Ocean Thermal Energy Conversion Plant OTEC-20 Commissioned in Hawaii: Generating 24/7 Zero-Emission Power from Seawater Temperature Differences

Makai Ocean Engineering commissions the world's first commercial-scale OTEC plant OTEC-20 in Hawaii at 20MW capacity, using temperature differences between warm surface and cold deep seawater for round-the-clock power generation.

Ocean Thermal Energy Conversion Plant OTEC-20 Commissioned in Hawaii: Generating 24/7 Zero-Emission Power from Seawater Temperature Differences

Makai Ocean Engineering announced on December 24 that its OTEC-20 plant in Hawaii's Big Island has officially connected to the grid.
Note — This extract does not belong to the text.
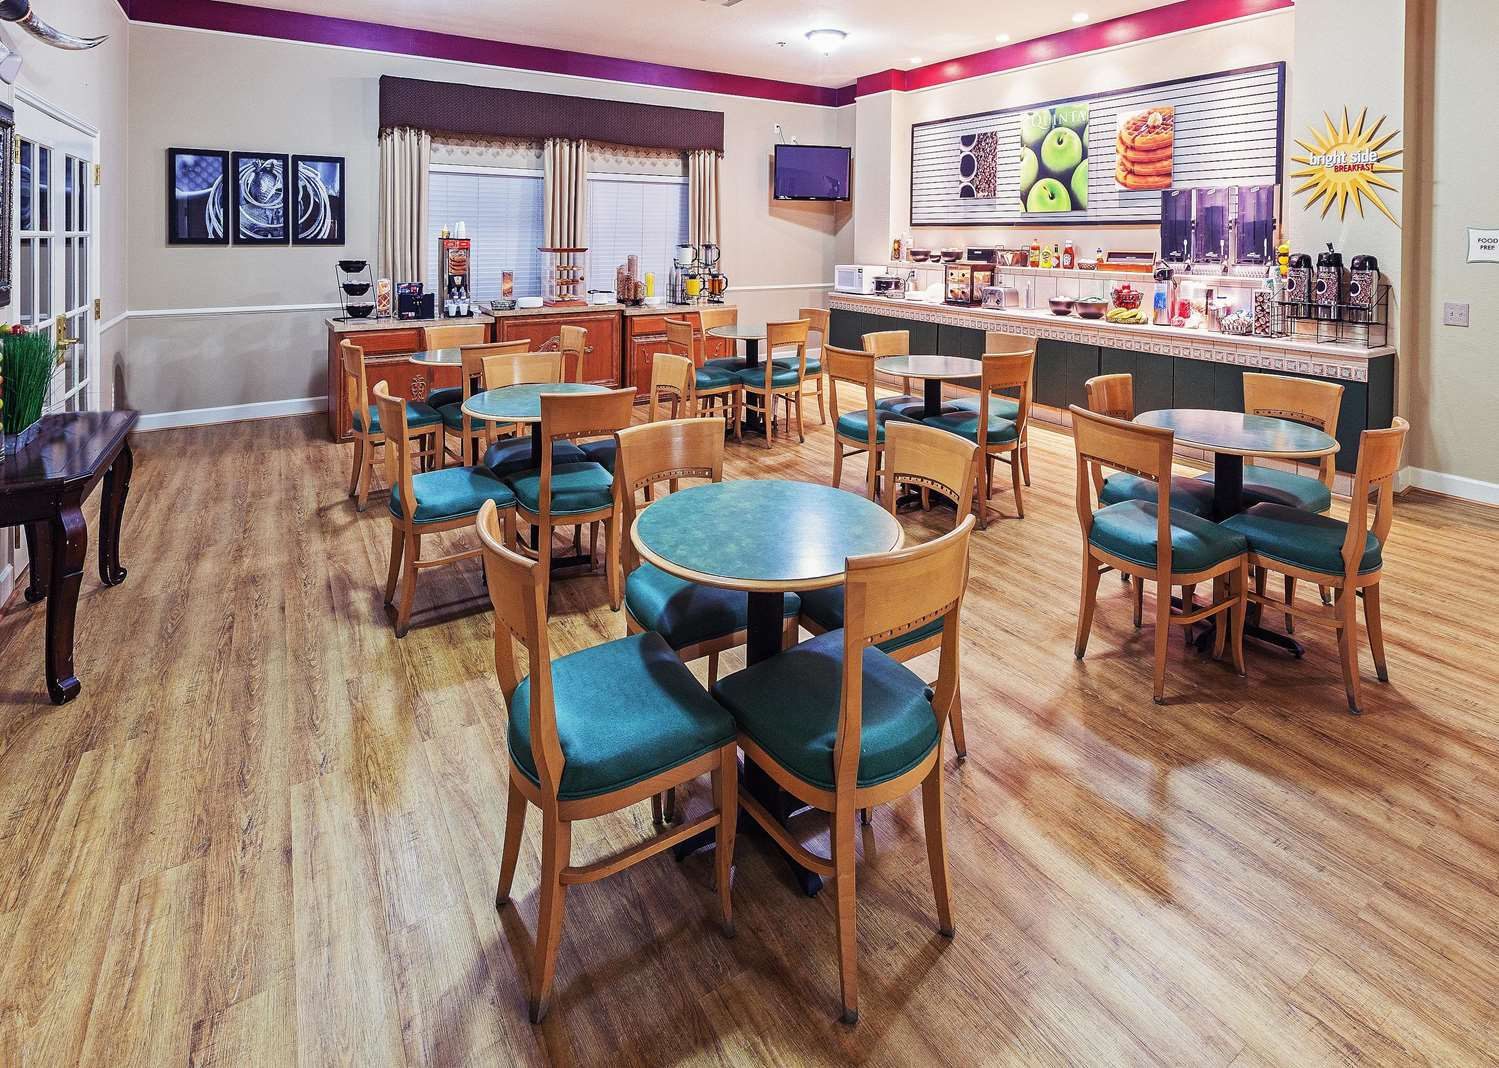 proam - La Quinta Inn & Suites Weatherford

This is the world's first commercial-scale Ocean Thermal Energy Conversion plant at 20MW capacity.

OTEC exploits the temperature difference between warm tropical surface water at about 25 degrees Celsius and cold deep water at about 4 degrees Celsius 1,000 meters below. Warm water evaporates a low-boiling-point working fluid, and the vapor drives a turbine, while cold deep water condenses it back to liquid. Because ocean temperature differentials are permanent, OTEC plants generate power 24/7 regardless of weather or daylight.

OTEC-20 uses a 2.4-meter diameter cold water pipe extending 1,000 meters below the surface, made of high-density polyethylene. The plant also produces large volumes of cold seawater usable for air conditioning and aquaculture. CEO Greg Poe said Hawaii currently imports 90% of its electricity from petroleum at 3x US mainland prices. OTEC provides a fully local, zero-emission baseload power source for tropical islands.

Construction cost was approximately $320 million with levelized cost around $0.18/kWh. While currently above solar and wind, OTEC's advantage is stability. At 100MW scale, costs could drop below $0.10/kWh. OTEC is geographically limited to tropical waters within 20 degrees of the equator.